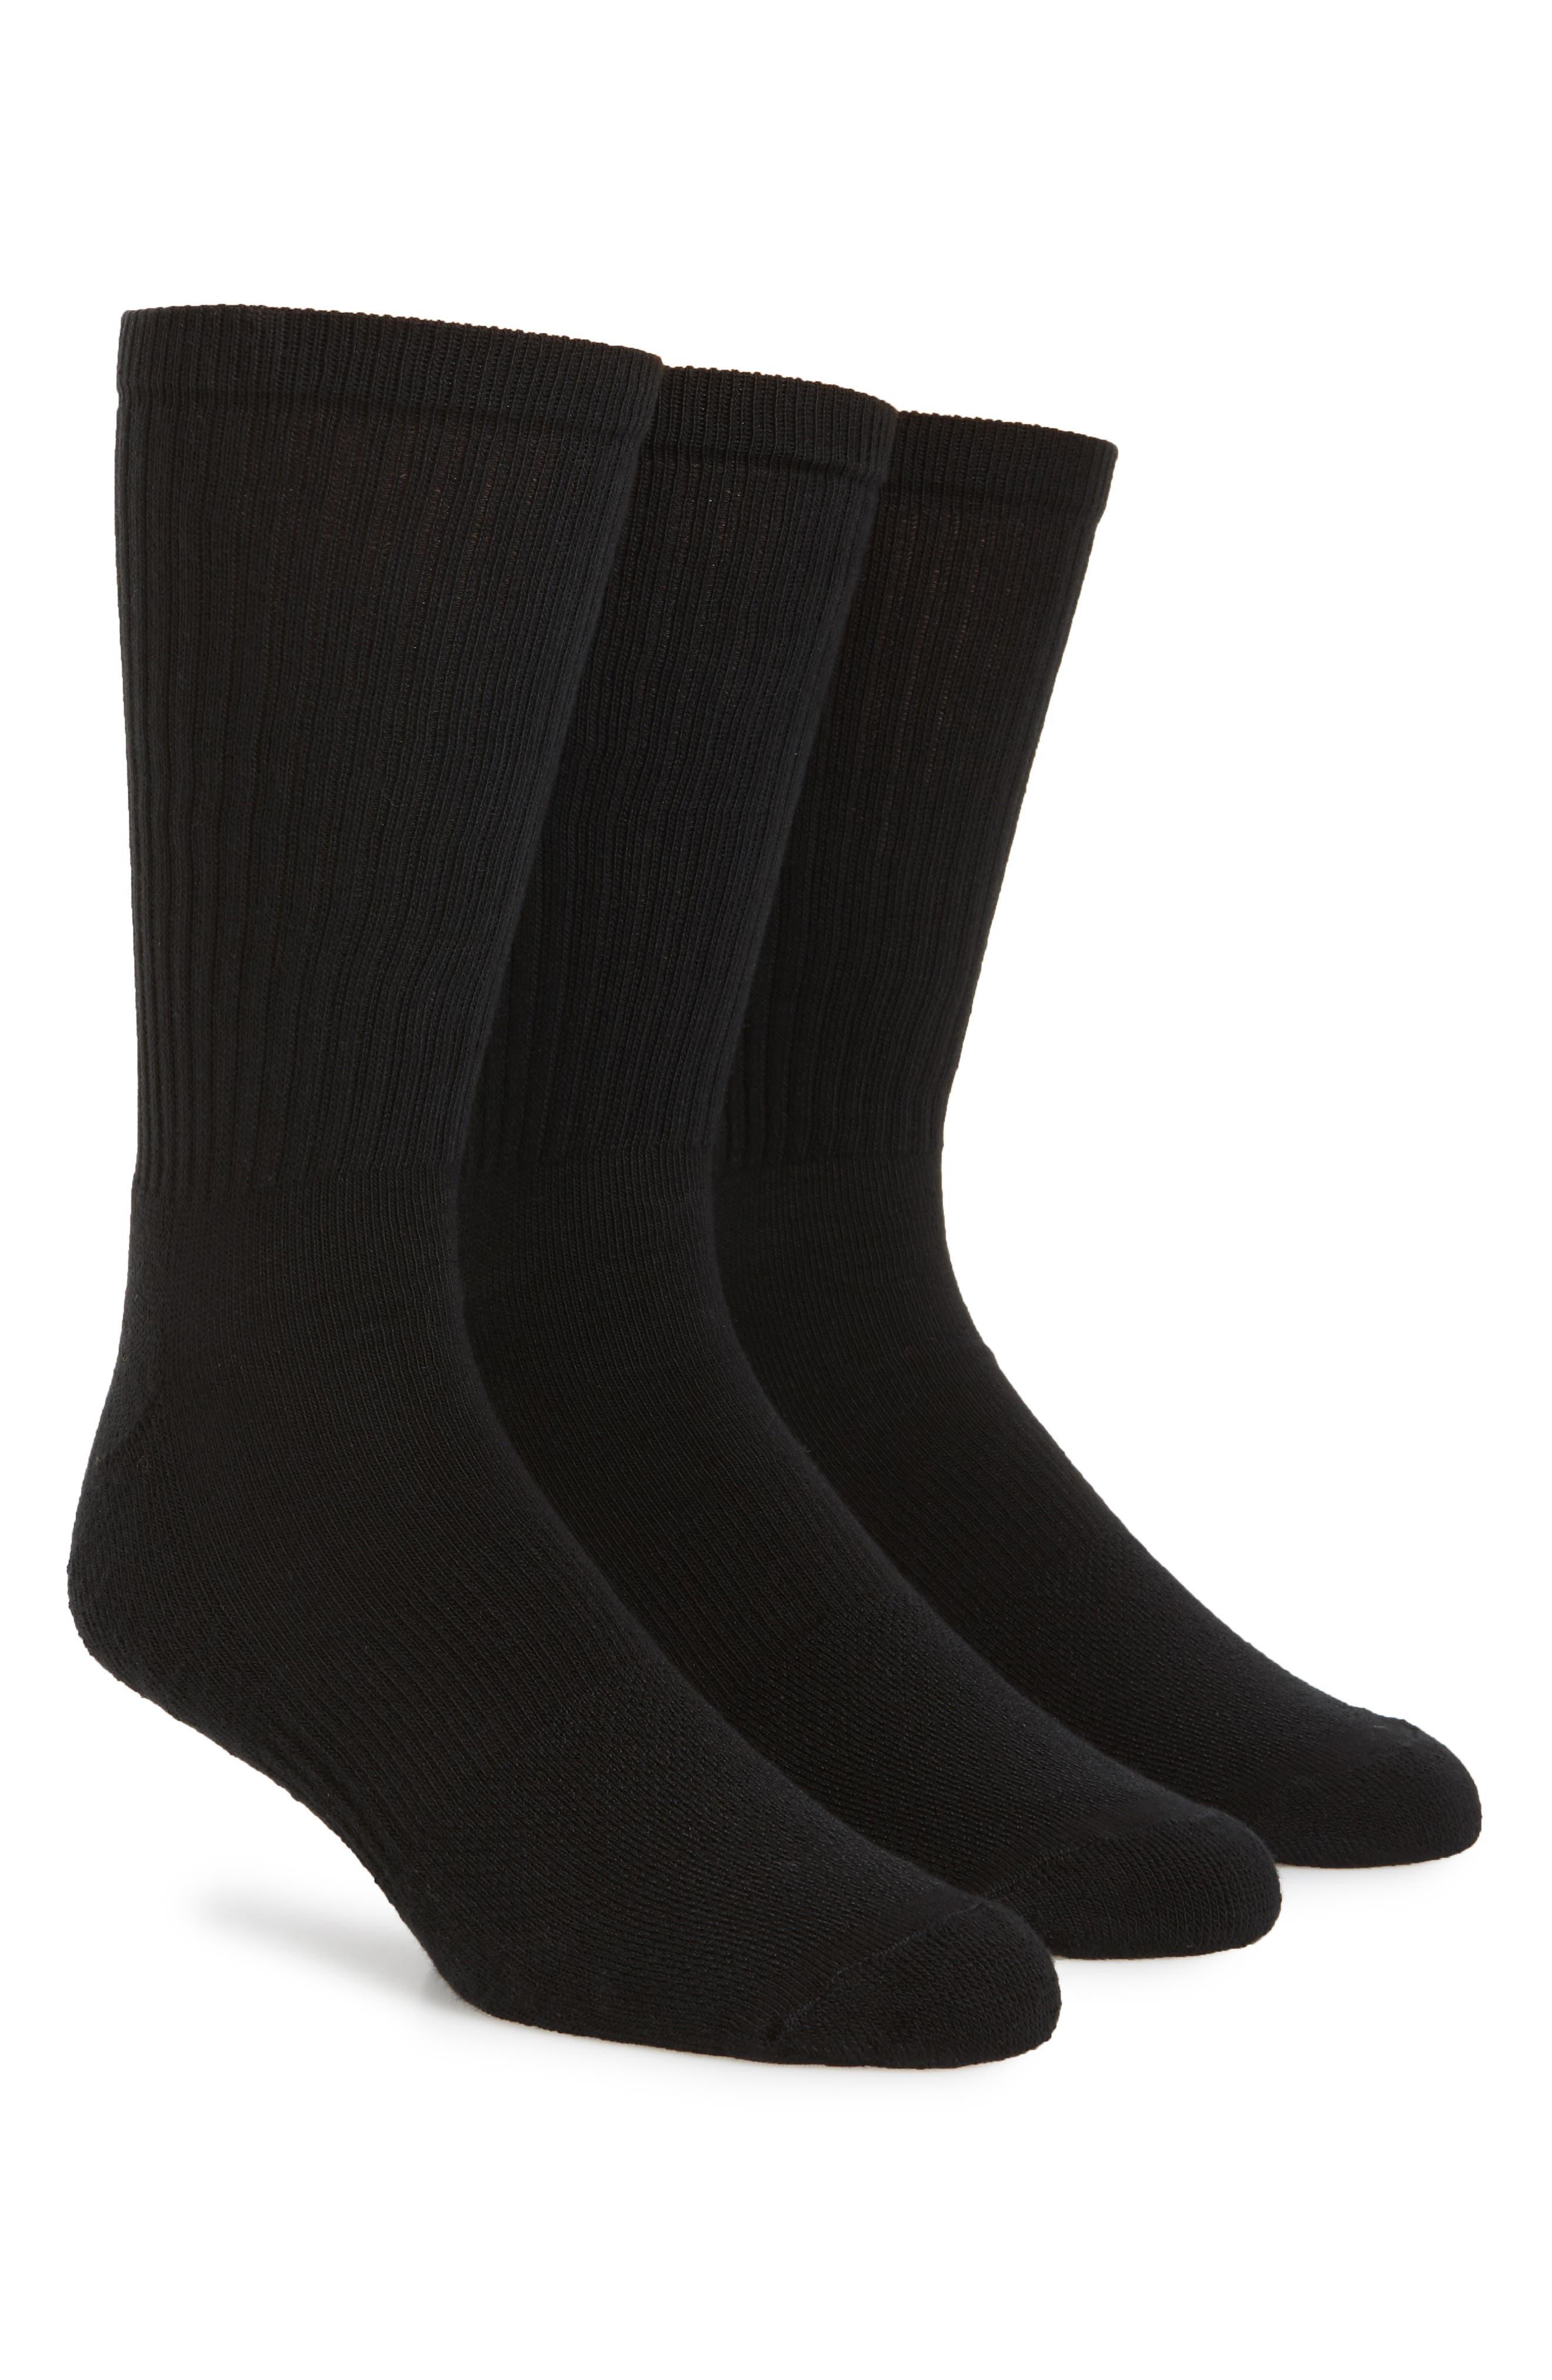 3-Pack Crew Cut Athletic Socks,                         Main,                         color, Black
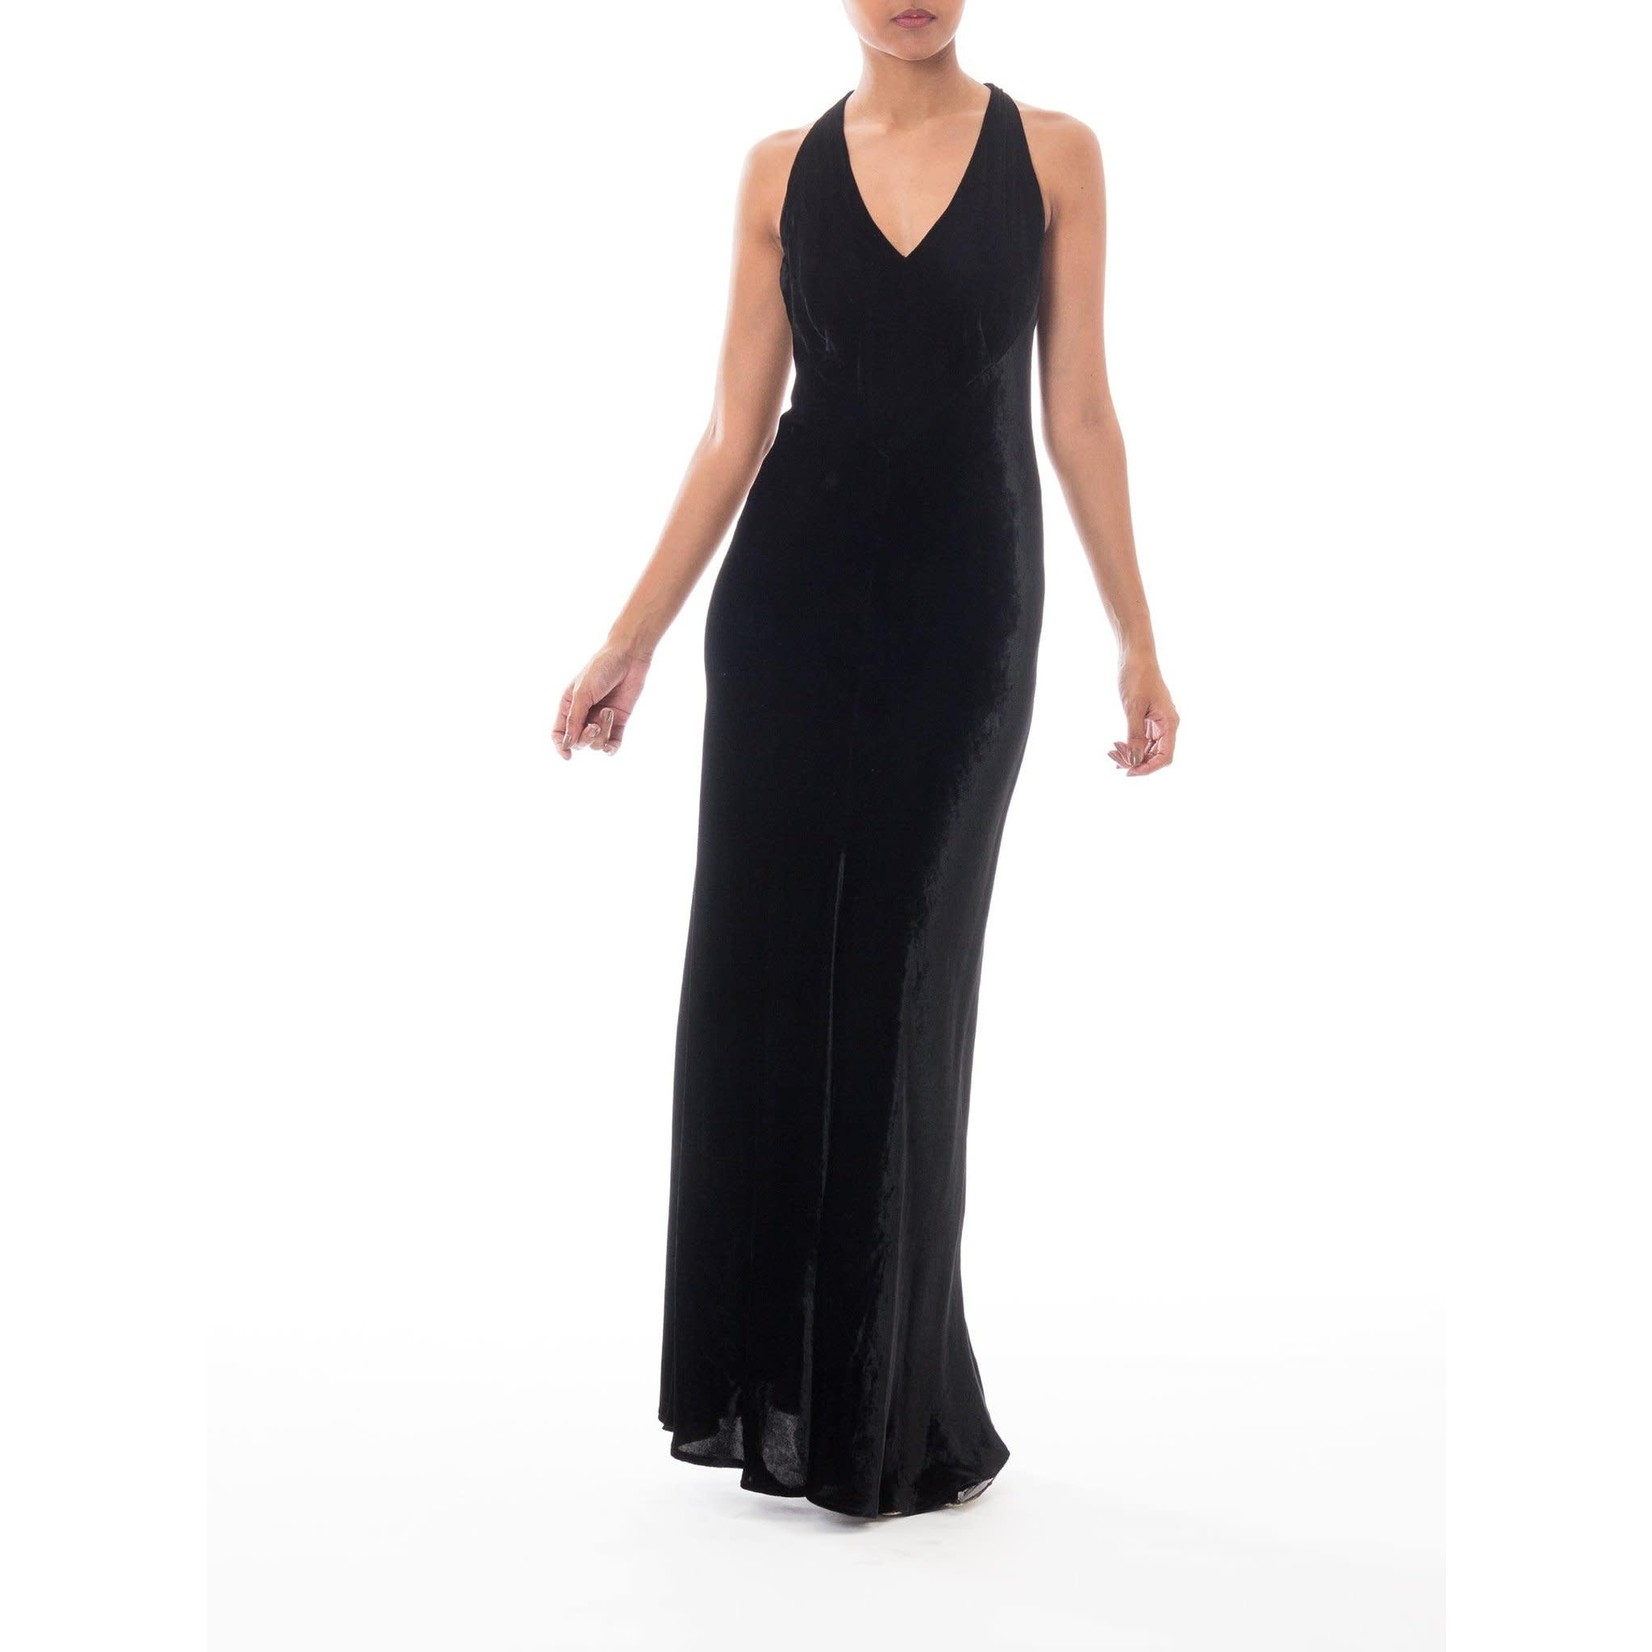 Morphew 1990s Donna Karan Black Bias Cut Rayon & Silk Velvet 1930s Backless Style Gown
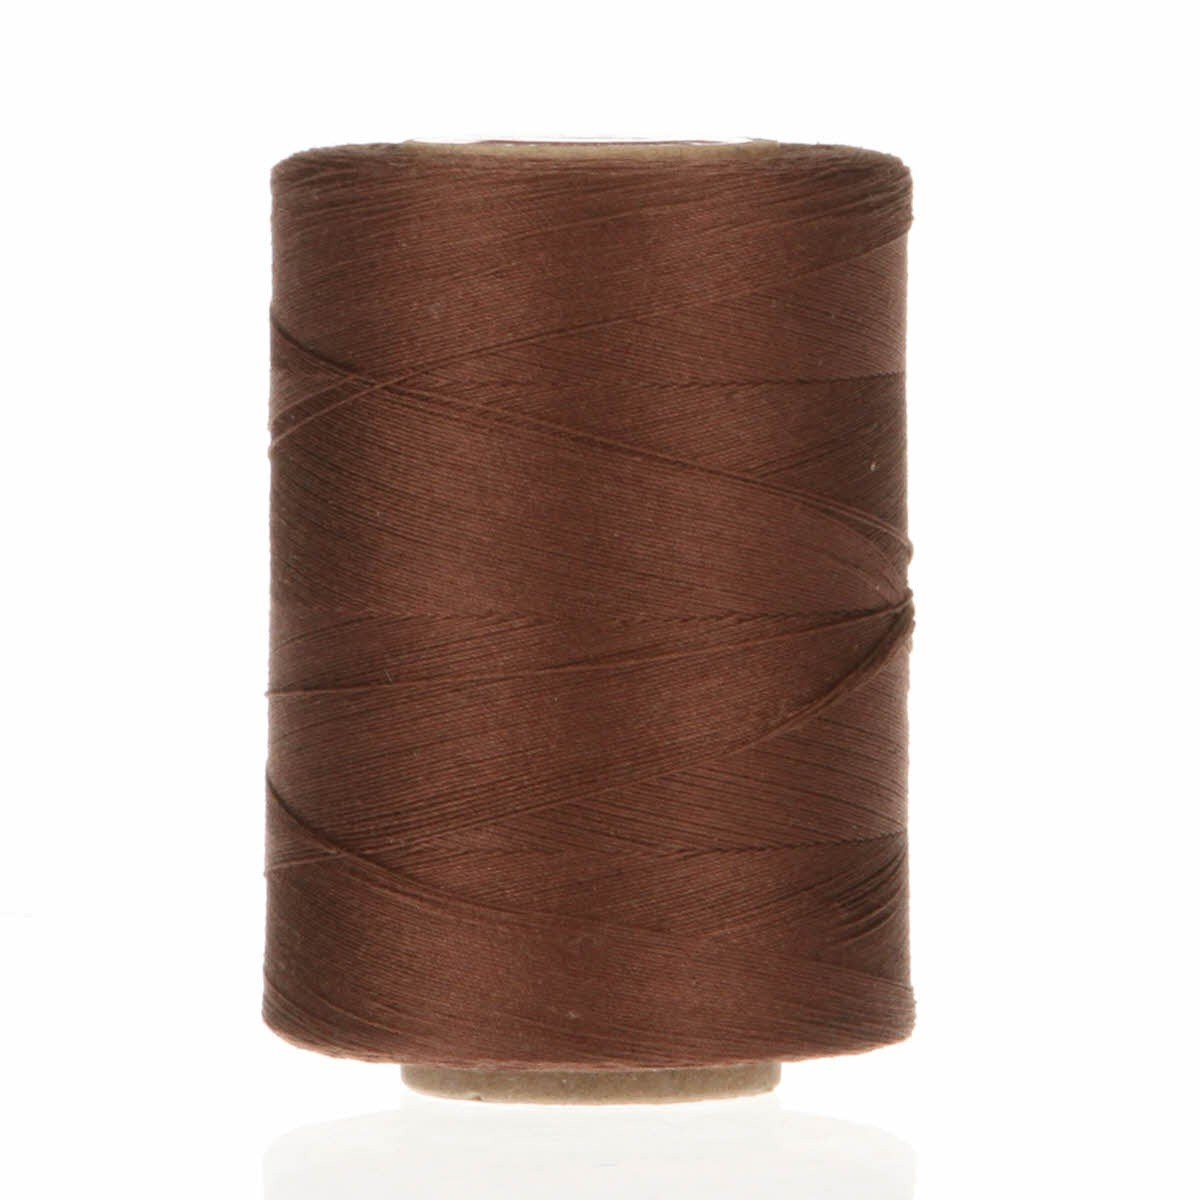 YLI Star Thread V37-8890 3-Ply T-35 Cotton Quilting /& Craft Thread Dark Brown 1200 yd
-.-.-
→ Work required: Print the material above verbatim except the pictures.

→ Solution to the exercise:
 3-Pack Crew Cut Athletic Socks,                         Main,                         color, Black
 Morphew 1990s Donna Karan Black Bias Cut Rayon & Silk Velvet 1930s Backless Style Gown
 YLI Star Thread V37-8890 3-Ply T-35 Cotton Quilting /& Craft Thread Dark Brown 1200 yd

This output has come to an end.